Atrial fibrillation is an irregular, rapid heartbeat that interrupts normal blood flow and increases risk of stroke and clots. Normal heart rhythm can be restored by electroshock (electrical cardioversion), but implantable cardioverter defibrillators can cause pain and damage myocardial tissue. Rather than supply exogenous current, Nyns et al. combined atrial gene painting to deliver viral vectors encoding light-activatable ion channels with an implantable light source and rhythm detector, developing an autogenous arrhythmia termination system. This optogenetic approach restored normal heart rhythm in rat hearts ex vivo and in vivo under closed-chest conditions. Further testing in larger animal models is necessary, but results suggest that this could be a pain-free alternative to electroshock.

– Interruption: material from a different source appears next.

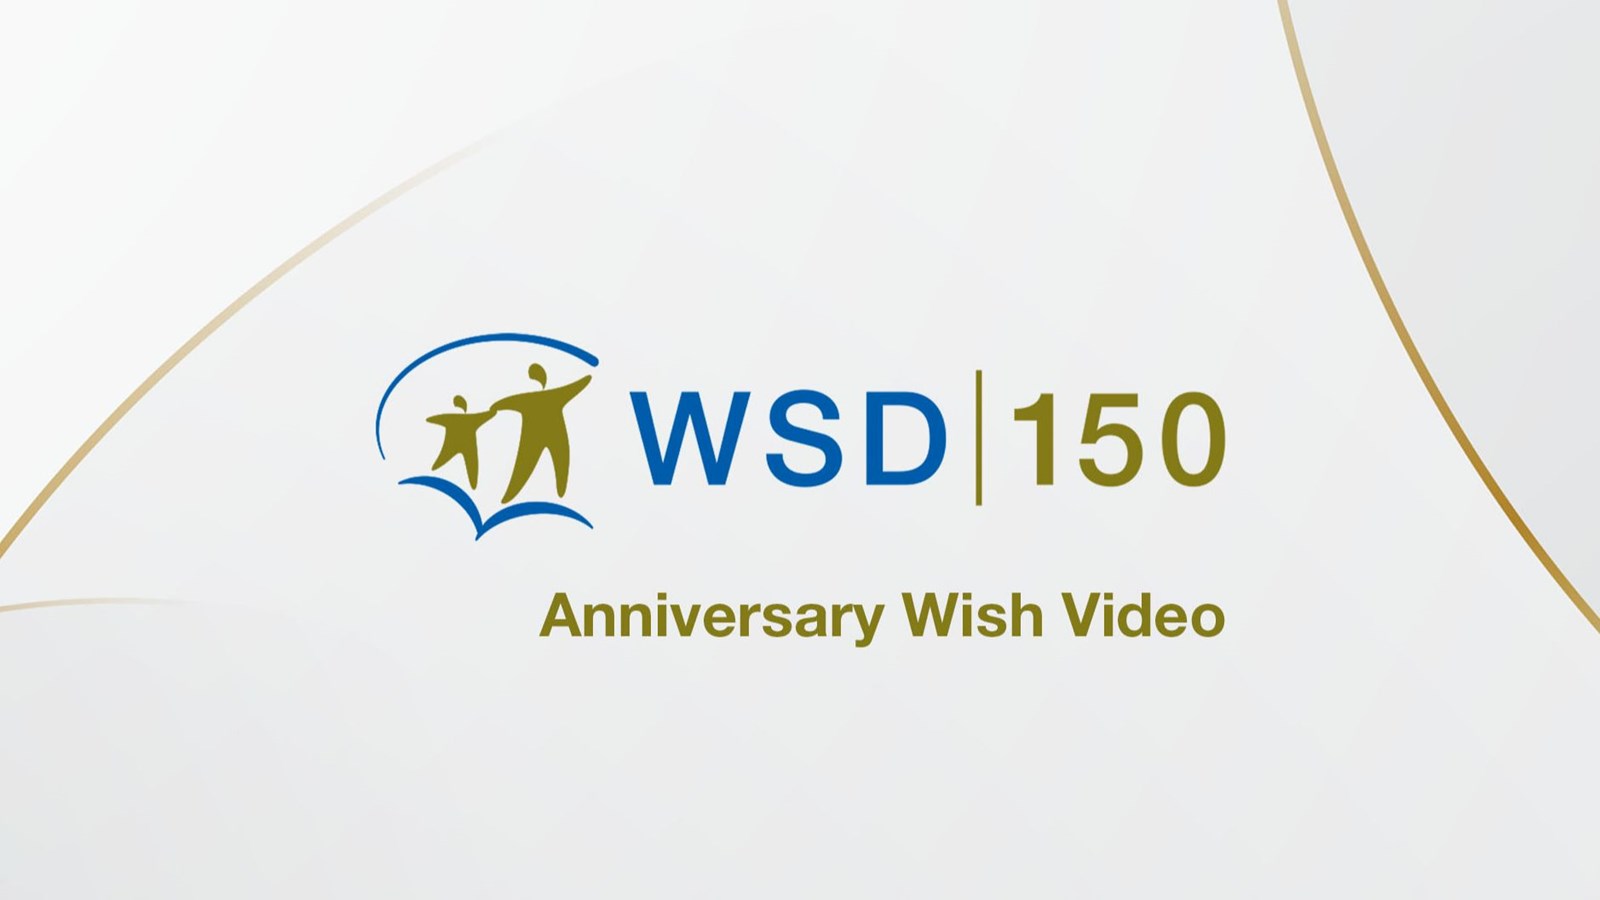 WSD 150 Anniversary Wish Video

Because of suboptimal therapeutic strategies, restoration of sinus rhythm in symptomatic atrial fibrillation (AF) often requires in-hospital delivery of high-voltage shocks, thereby precluding ambulatory AF termination. Continuous, rapid restoration of sinus rhythm is desired given the recurring and progressive nature of AF. Here, we present an automated hybrid bioelectronic system for shock-free termination of AF that enables the heart to act as an electric current generator for autogenous restoration of sinus rhythm. We show that local, right atrial delivery of adenoassociated virus vectors encoding a light-gated depolarizing ion channel results in efficient and spatially confined transgene expression. Activation of an implanted intrathoracic light-emitting diode device allows for termination of AF by illuminating part of the atria. Combining this newly obtained antiarrhythmic effector function of the heart with the arrhythmia detector function of a machine-based cardiac rhythm monitor in the closed chest of adult rats allowed automated and rapid arrhythmia detection and termination in a safe, effective, repetitive, yet shock-free manner. These findings hold translational potential for the development of shock-free antiarrhythmic device therapy for ambulatory treatment of AF.